[Opening Exercise data section]
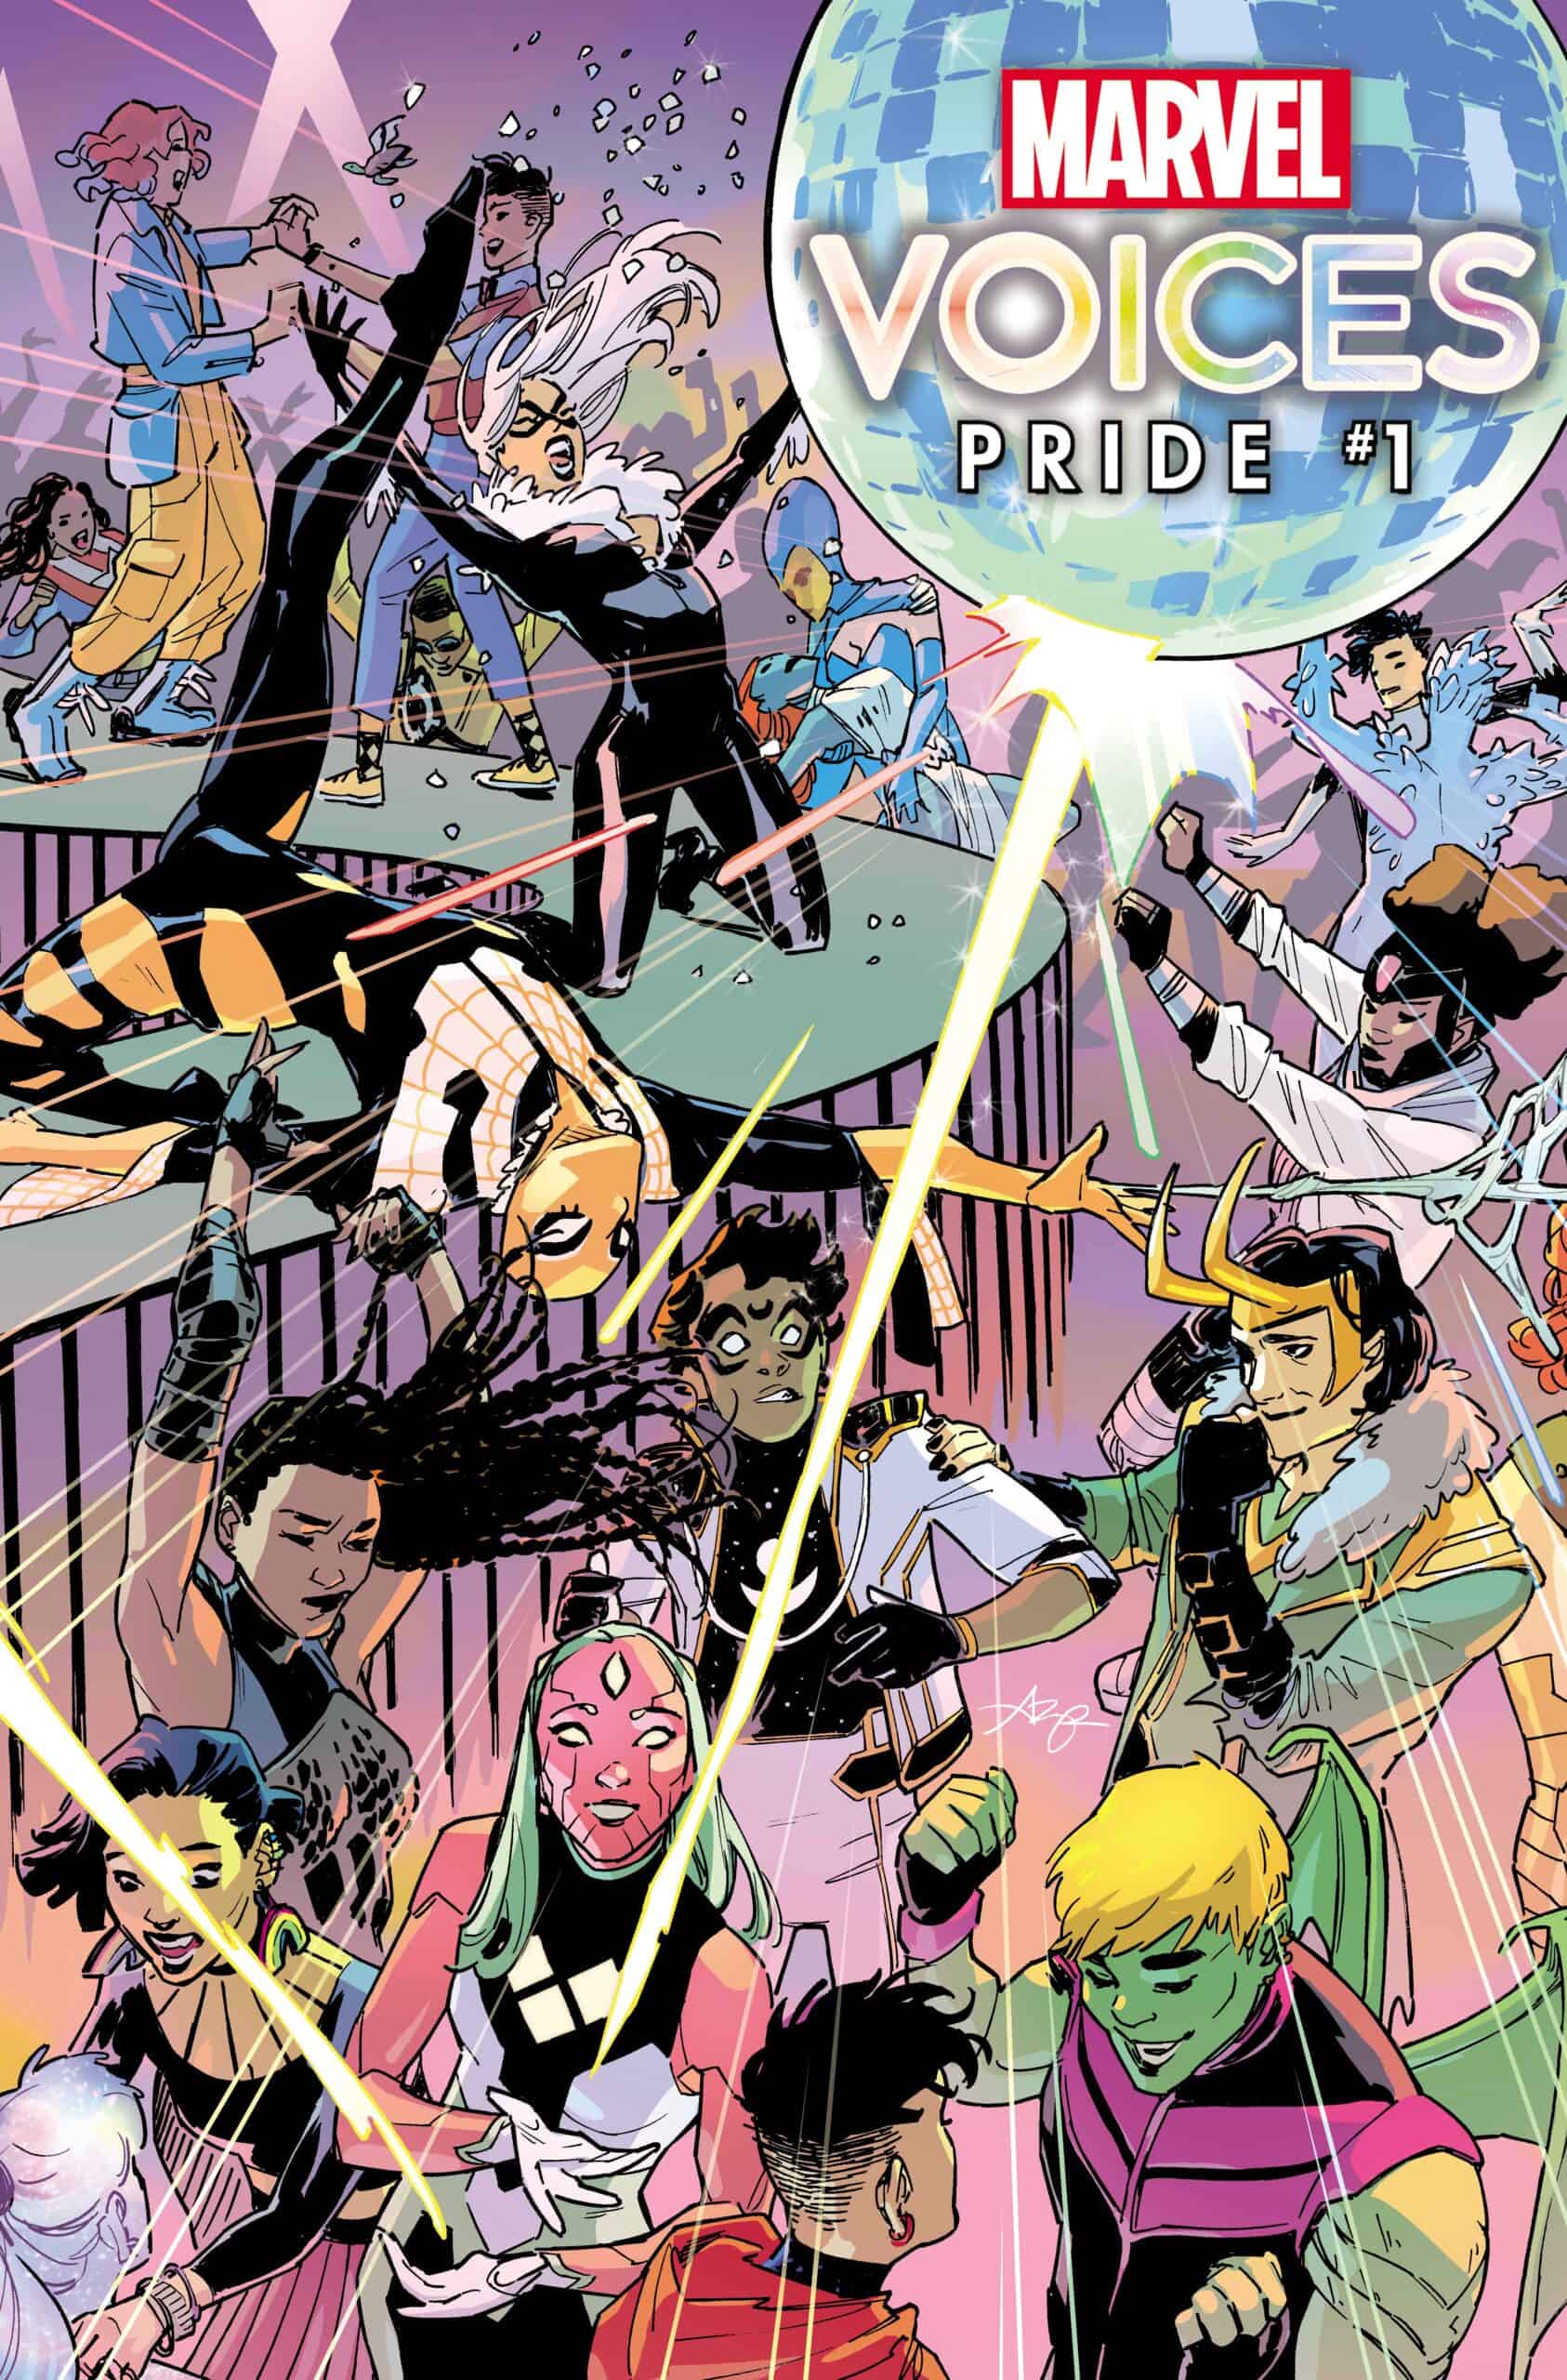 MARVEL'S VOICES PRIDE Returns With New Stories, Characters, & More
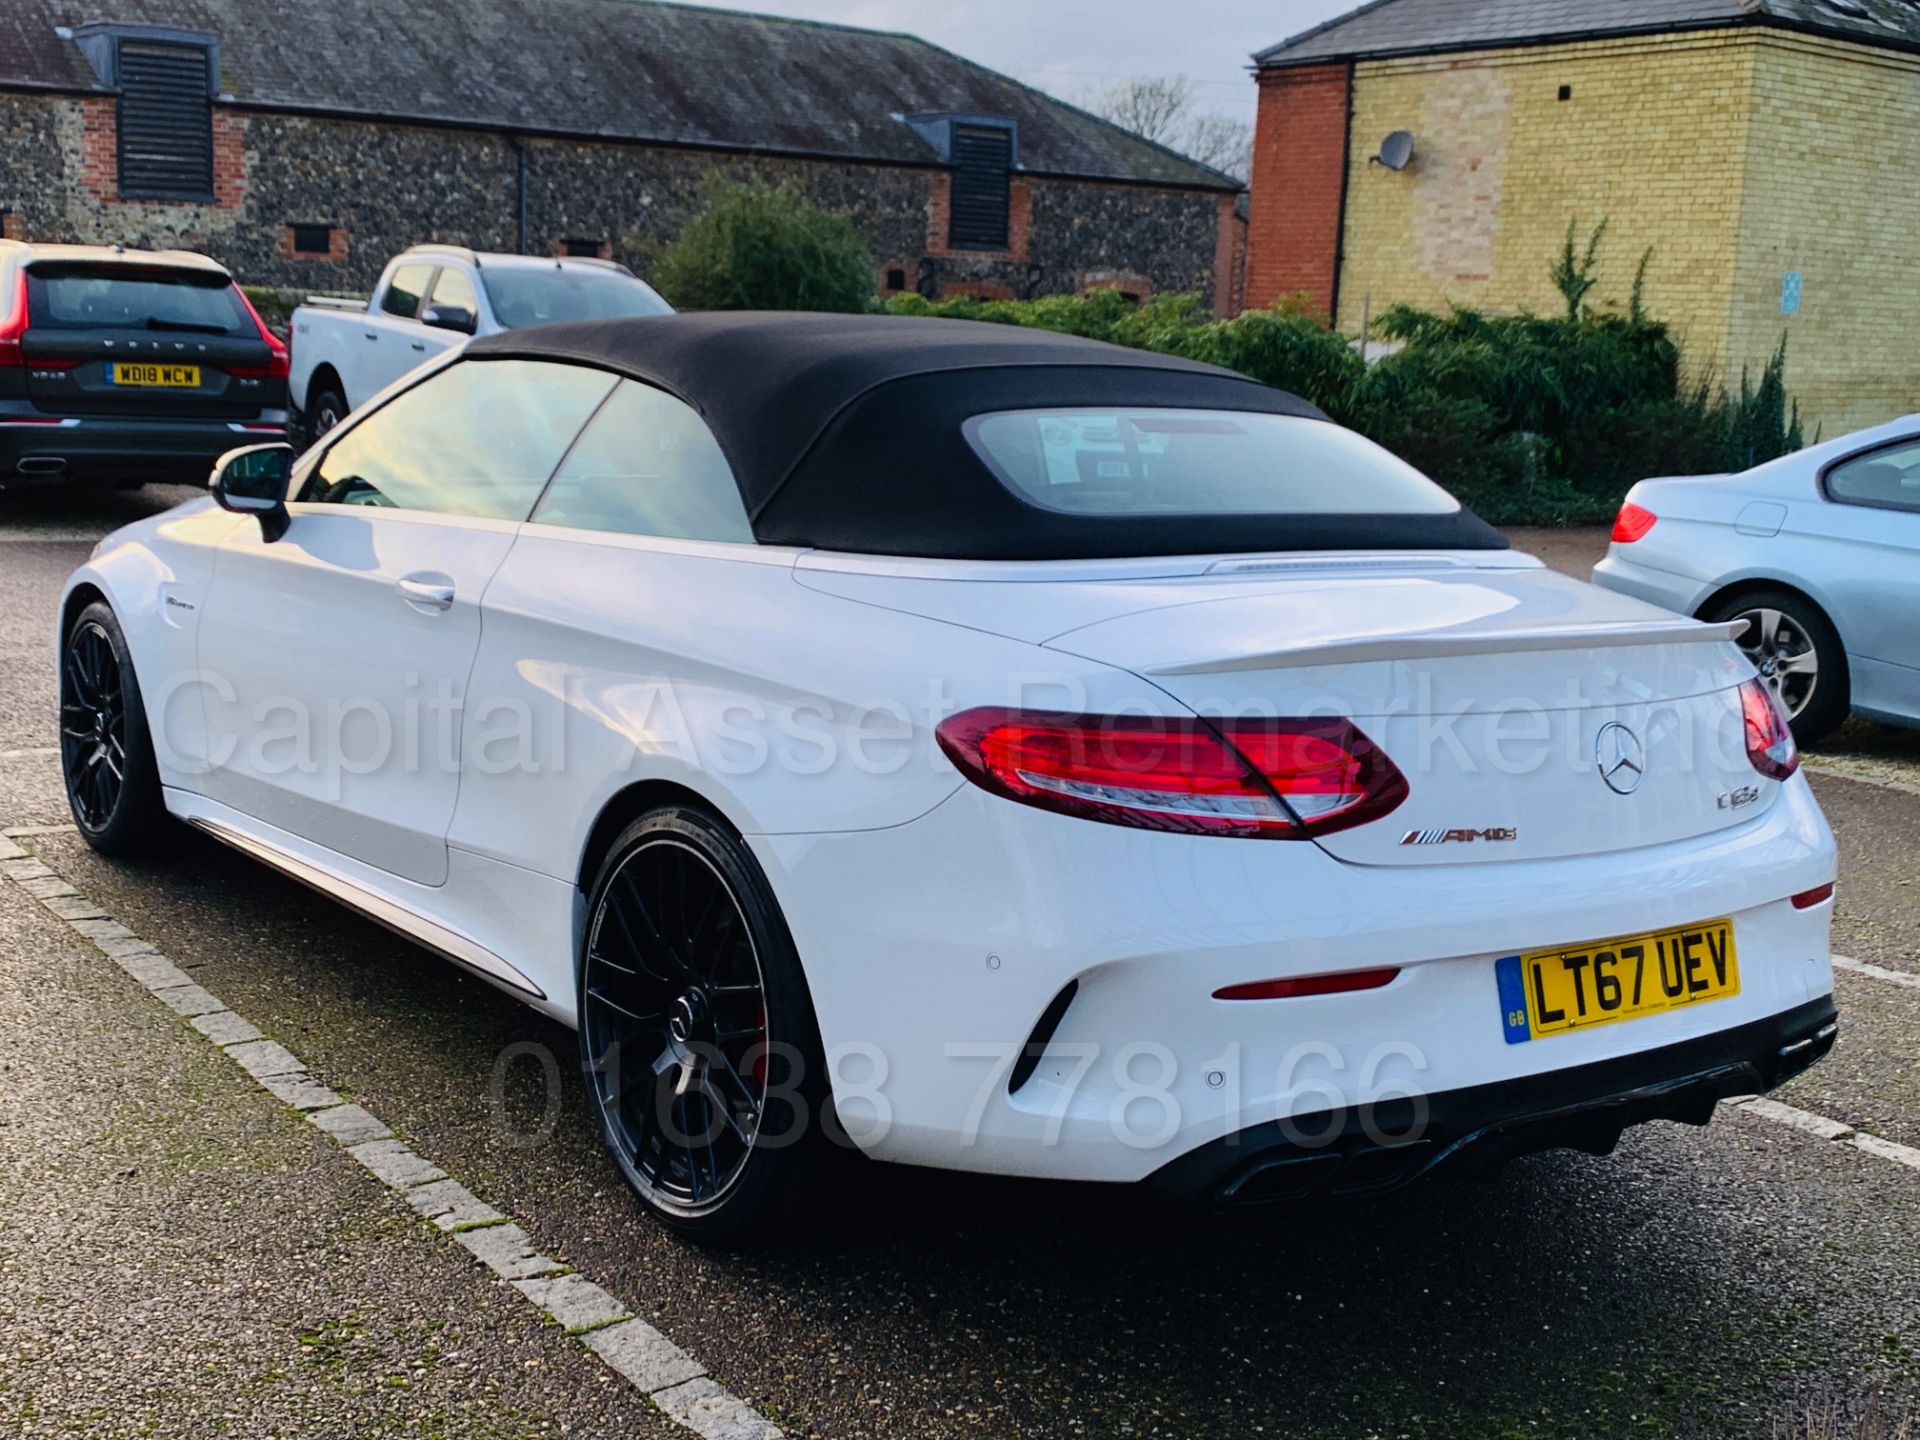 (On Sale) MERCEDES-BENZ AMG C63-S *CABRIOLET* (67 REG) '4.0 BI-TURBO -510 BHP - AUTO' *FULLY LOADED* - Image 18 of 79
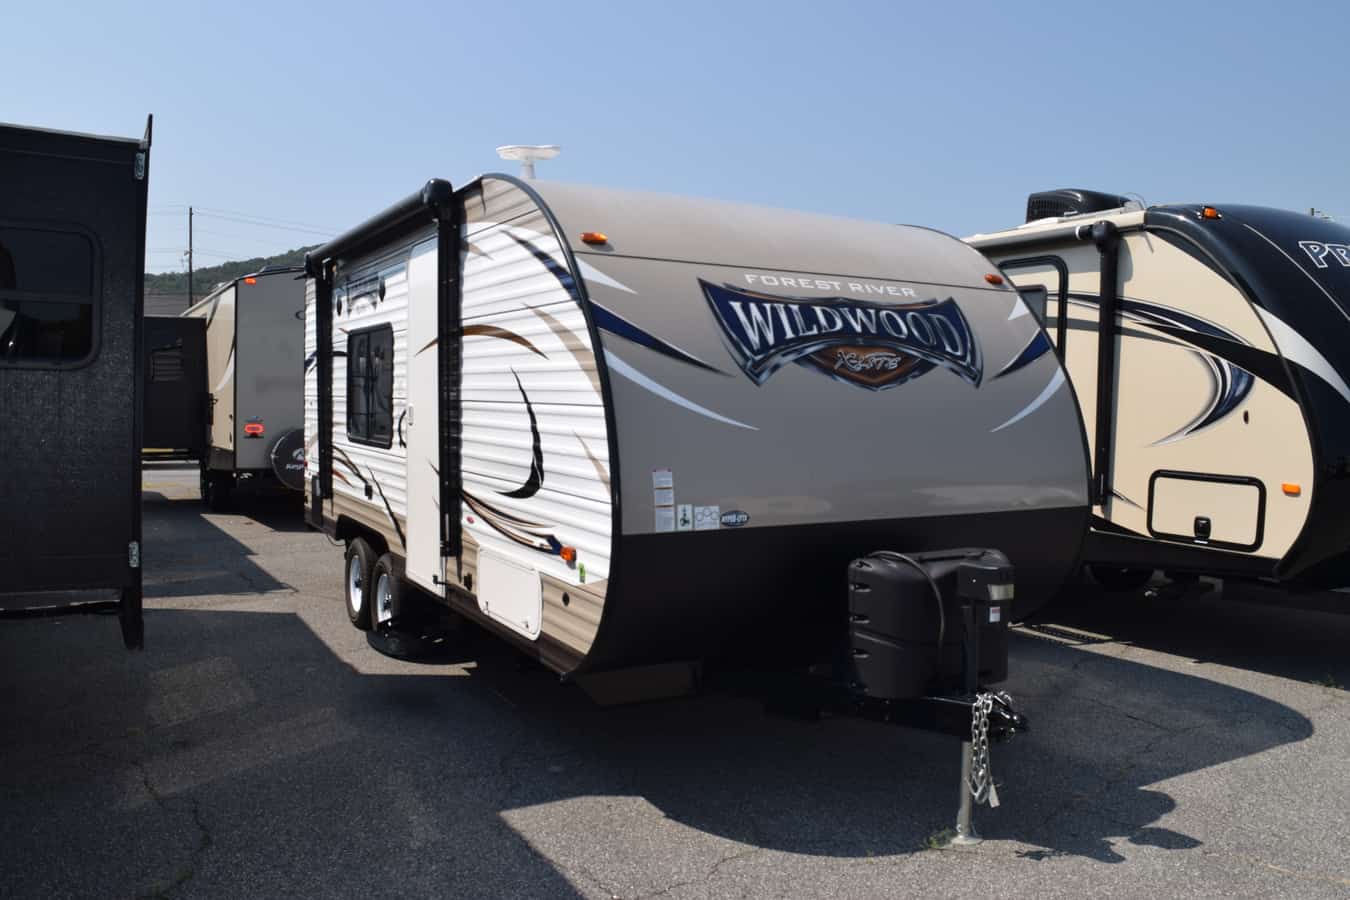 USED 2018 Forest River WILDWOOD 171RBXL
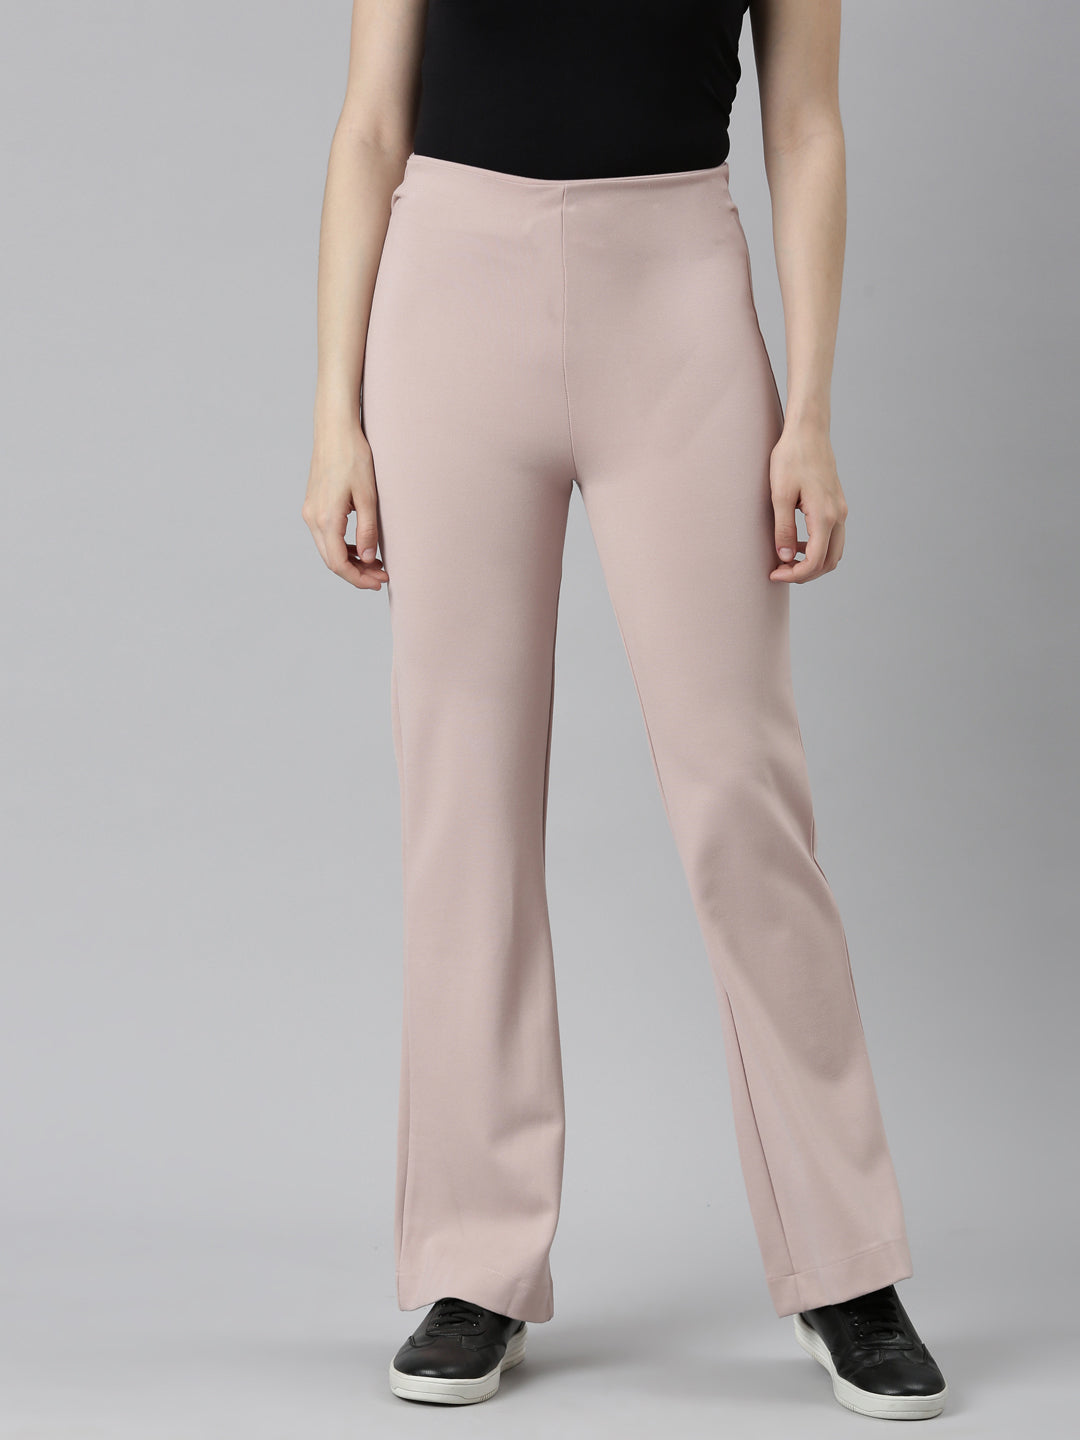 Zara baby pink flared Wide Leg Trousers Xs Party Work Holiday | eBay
[Closing Exercise data section]
Task requirements.
For every line above, produce an exact transcription that omits the images.

Completed task.
 MARVEL'S VOICES PRIDE Returns With New Stories, Characters, & More
 (On Sale) MERCEDES-BENZ AMG C63-S *CABRIOLET* (67 REG) '4.0 BI-TURBO -510 BHP - AUTO' *FULLY LOADED* - Image 18 of 79
 USED 2018 Forest River WILDWOOD 171RBXL
 Zara baby pink flared Wide Leg Trousers Xs Party Work Holiday | eBay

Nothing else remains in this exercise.